On this blog I have talked to a lot of women publicly or privately about relationships they have had. It’s fascinating to me the stories. I love hearing them. I learn things and ask questions. The one thing that continues to come up when I ask “Are you happy?” is maybe. The women say they have been married or together for so many years, the kids, the money, family obligation. All of it is an excuse to stay. If I get the sense that someone is explaining why they stay instead of commenting on the love I tell them to leave. Some women get pissed. The conversation ends, I don’t hear from them for a few days and then they contact me again. I made them think about it. Sometimes you need to piss people off in order to see if they fight to stay or fight to find a reason to stay.
Being committed in a relationship is a big promise to stay with that person. But…
Its not the end of your happiness or a chain you feel you are stuck with. If you get to the point you wake up and have no idea why you are there, get things started, make a plan and go. You are free. I’m giving you permission to leave your relationship, if that’s what you want. So many of your friends and family will tell you to do what? “Work it out.” Am I right? Why? They say that because they have seen you happy before. They have bought a ticket to your fake everything is fine show. You did that. And I bet you got very good at it.

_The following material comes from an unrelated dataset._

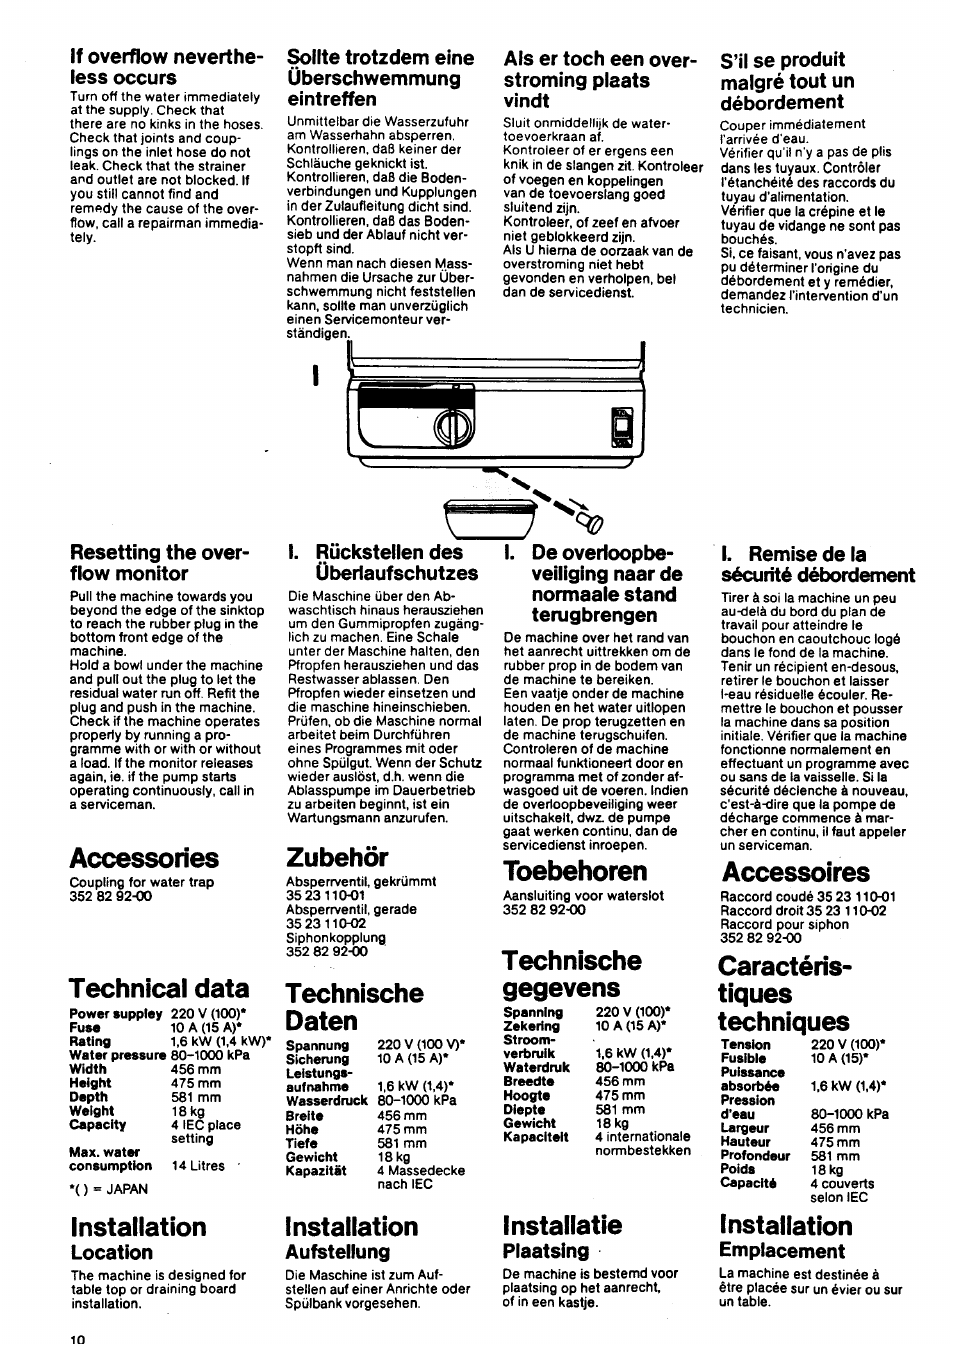 Accessories, Technical data, Installation | Electrolux BD 46 User Manual |  Page 10 / 12 | Original mode

You are wasting your time. I’m serious. Do you want to stay in the routine you created? I just typed the word created and my iPhone changed it to cram water Lol Sorry but that made me laugh. Back to my point. If you have given your 20s and 30s to a man that no longer thinks you hung the moon, and has turned you into What’s for supper lady, time to go. Because what’s for supper lady is dying inside. She feels alone and depressed. Sure she can fill a day with work and errands. She gets home to even more work and cleaning up. And what is her reward? To crawl into bed and get a shoulder tap for sex with someone she gives into to not deal with the complaining.

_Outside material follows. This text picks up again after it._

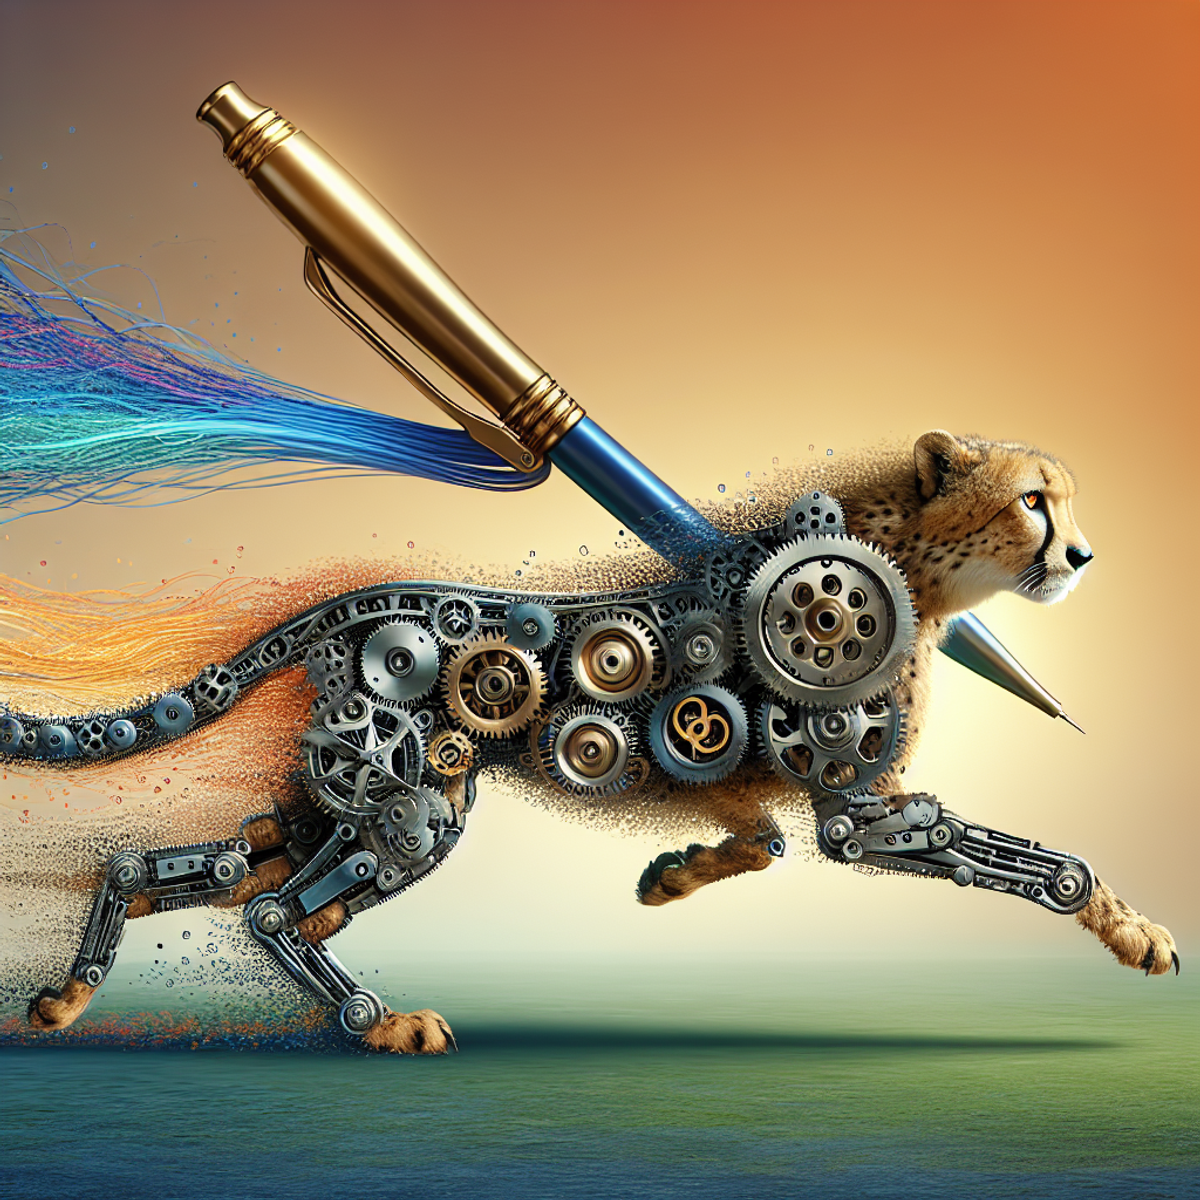 A mechanical cheetah running with a golden key on its back, leaving a colorful trail.

Guess what? That’s no longer a marriage that’s a drain. You are wasting your entire life doing things for everyone but yourself. Sure you tried to stick it out. You tried over and over and over to talk to them about your feelings. Maybe talking has turned into fighting. Couples that love each other fight. That’s normal. But not everyday. And the fight only lasts a few hours because they can’t stay mad.
I once got into such a huge fight with my girlfriend I left the house. I took a drive, cooled off and came back. I walked in hoping for an apology or maybe just looking at her would make me not stay mad. As soon as I came in she threw a shoe at me which made me start laughing then she started crying. I hugged her we both laughed and she smacked my chest and called me an Asshole. We got over it. Can’t even remember what the fight was about. We loved each other enough to let it go.

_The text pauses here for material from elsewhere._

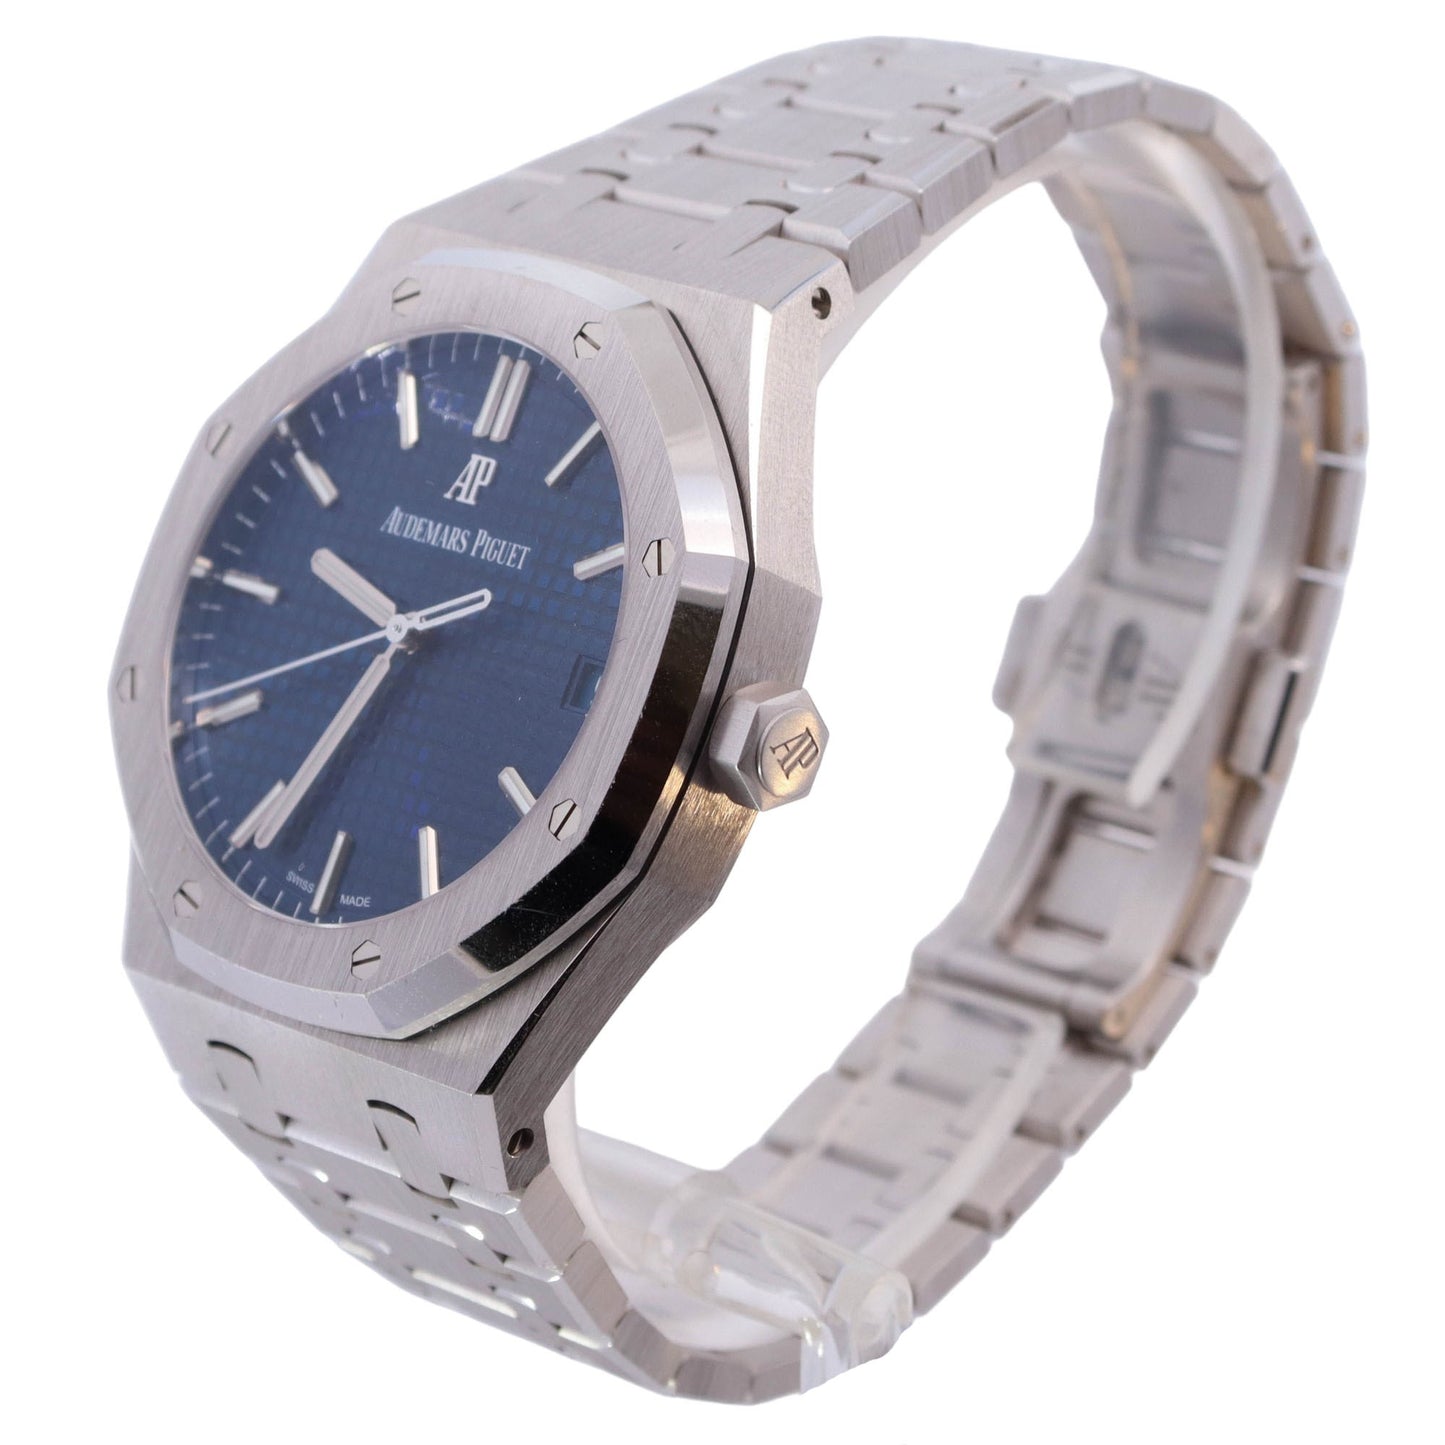 Audemars Piguet Royal Oak "Japan Edition" White Gold 41mm Blue Stick Dial Watch Reference# 15503BC.OO.1220BC.01

If you are at the point of your relationship that you don’t even recognize yourself anymore, leave. Make a plan, get things together and go. Let me wave my hand above your head, make a public announcement!
You do not have to stay in a relationship that no longer fulfills your life.
Better? Got you thinking at least. I know that happiness has to be achieved everyday. I know that loving someone and being in love with someone is two completely separate things. If you aren’t laughing together, hugging and kissing on each other. If he no longer does stupid guy things just to impress you or he isn’t charming in front of your friends anymore, most likely he is also wanting out but is too afraid to have that talk.
You aren’t dead, ladies. You found that guy, you can go find another. It’s really not hard meeting new people these days. Break the cycle for others around you. If you don’t leave, you will regret it in a few years.